If there is one thing that the folks on Right Wing Avenue hate worse than government helping people, it is workers banding together to collectively bargain with their employer to improve their wages and benefits.
That anti-union sentiment is on full display in a question in the most recent poll by the Pope Civitas Institute about legislation to remove the state prohibition on collective bargaining by public employees. The headline of the Civitas press release about the results screamed "NC Voters Oppose Collective Bargaining: 2 to 1 Margin Against Labor Agenda."
Sounds like public sentiment is clear. Or is it? A Carolina Poll earlier this month that asked about allowing public workers to bargain together for their pay and benefits found that 48 percent of people support ending the ban on collective bargaining, 28 percent oppose it, and 23 percent are undecided. It is the fifth statewide poll since November 2005 conducted by UNC-Chapel Hill sociologist Andrew J. Perrin to find strong support for collective bargaining for public employees.

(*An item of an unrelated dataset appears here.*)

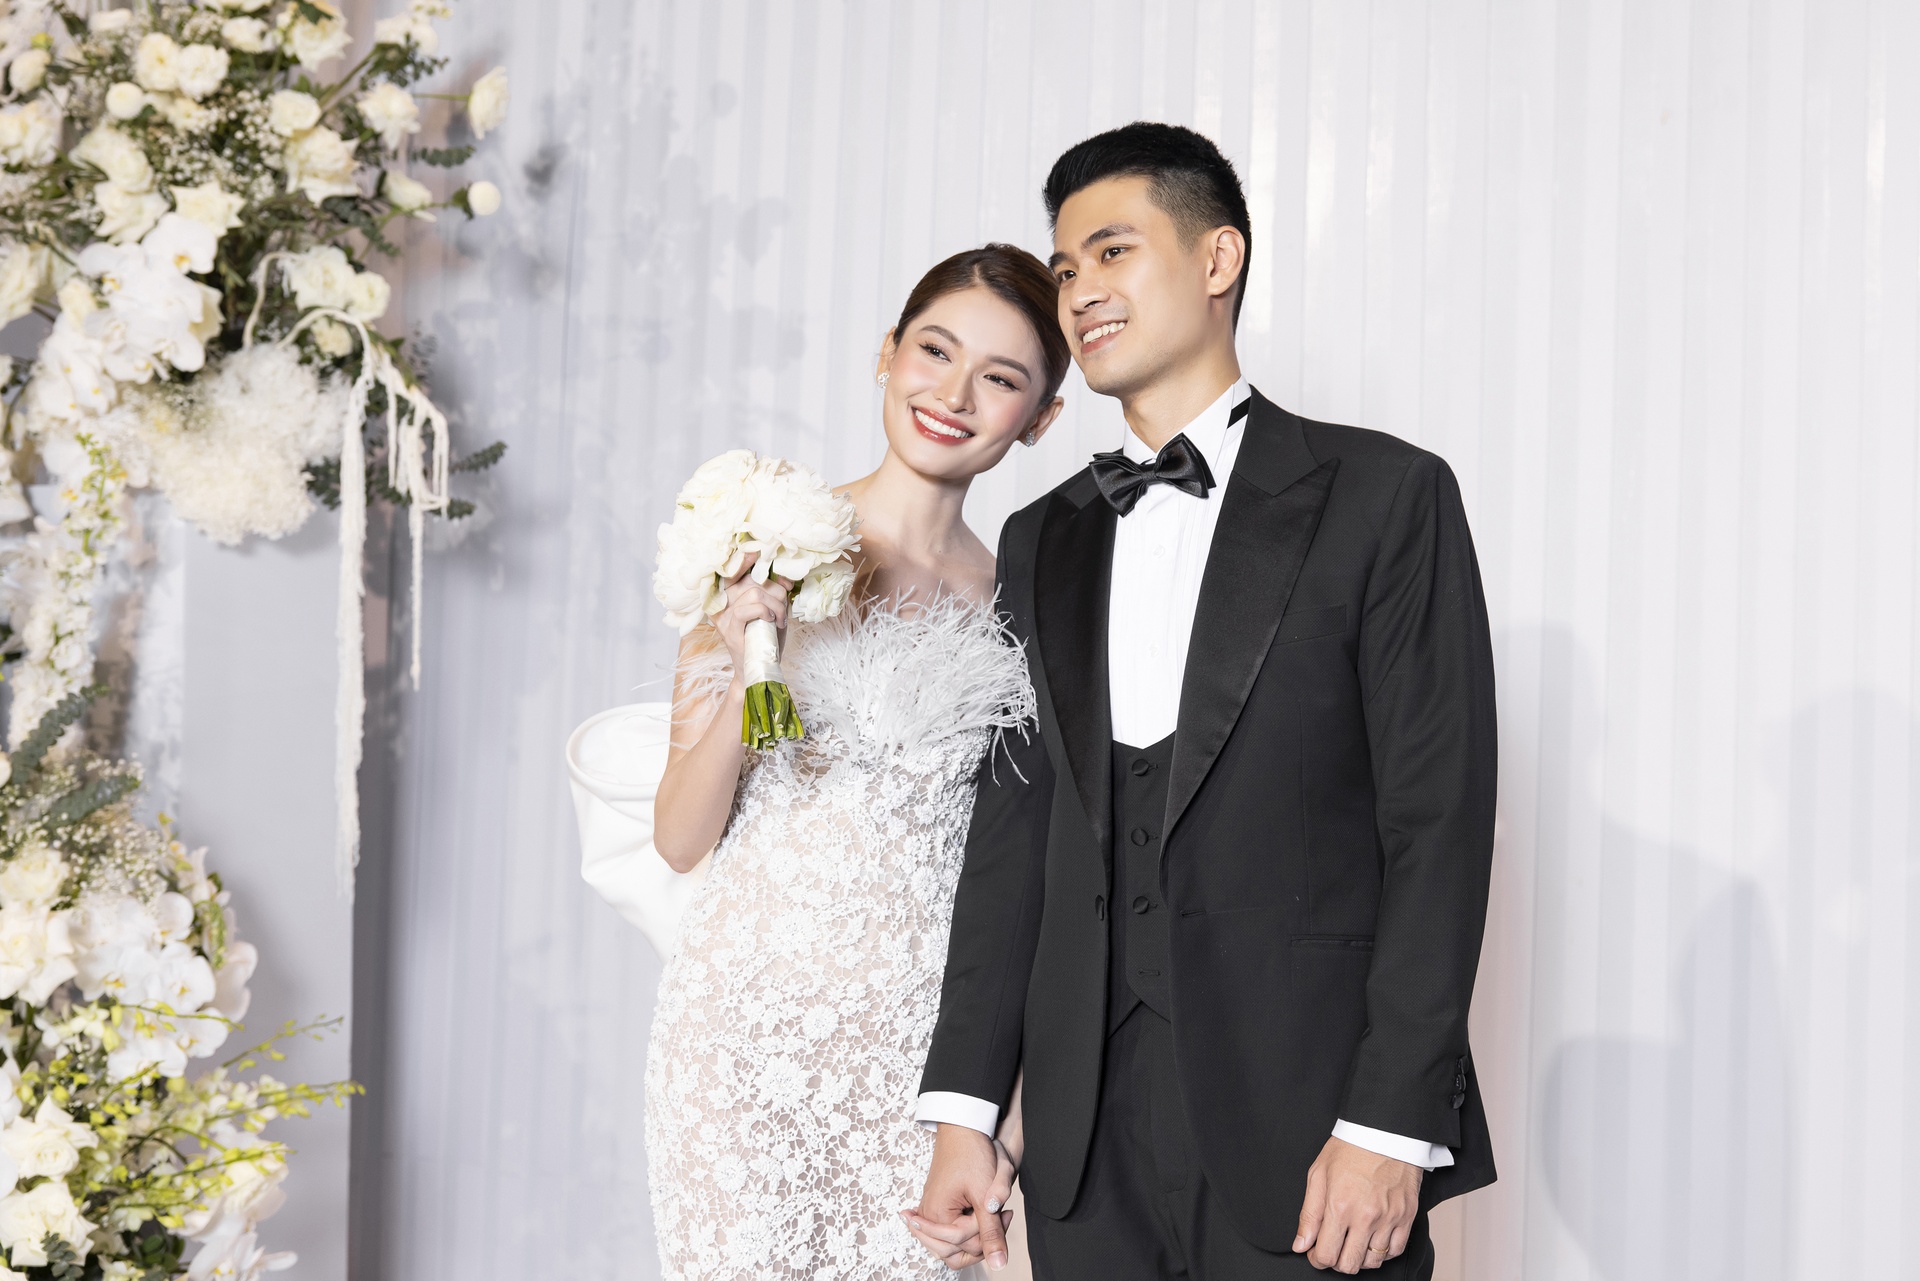 Toàn cảnh đám cưới cổ tích của Á hậu Thùy Dung và chồng thạc sĩ: Không gian cưới tràn ngập hoa tươi, thực đơn 'cao sang mỹ vị' - Ảnh 7

The Civitas poll is the outlier and a look at the questions explains why. Civitas asked
Should state employee and teachers' unions be allowed to engage in collective bargaining with elected officials they might endorse in elections?
The Carolina Poll asked the question much more straighforwardly.
As you may know, the State of North Carolina, towns, cities, and counties and other public workplaces in North Carolina are not allowed to negotiate or sign contracts with labor unions representing their employees. Would you support or oppose a law that would allow them to do so?
Neither poll mentioned a recent study by the Center for Economic and Policy Research that found that union membership increased the pay of low wage workers in North Carolina by as much as 14 percent in the last four years. You can bet if the study found the opposite, it would have been part of the Civitas push poll.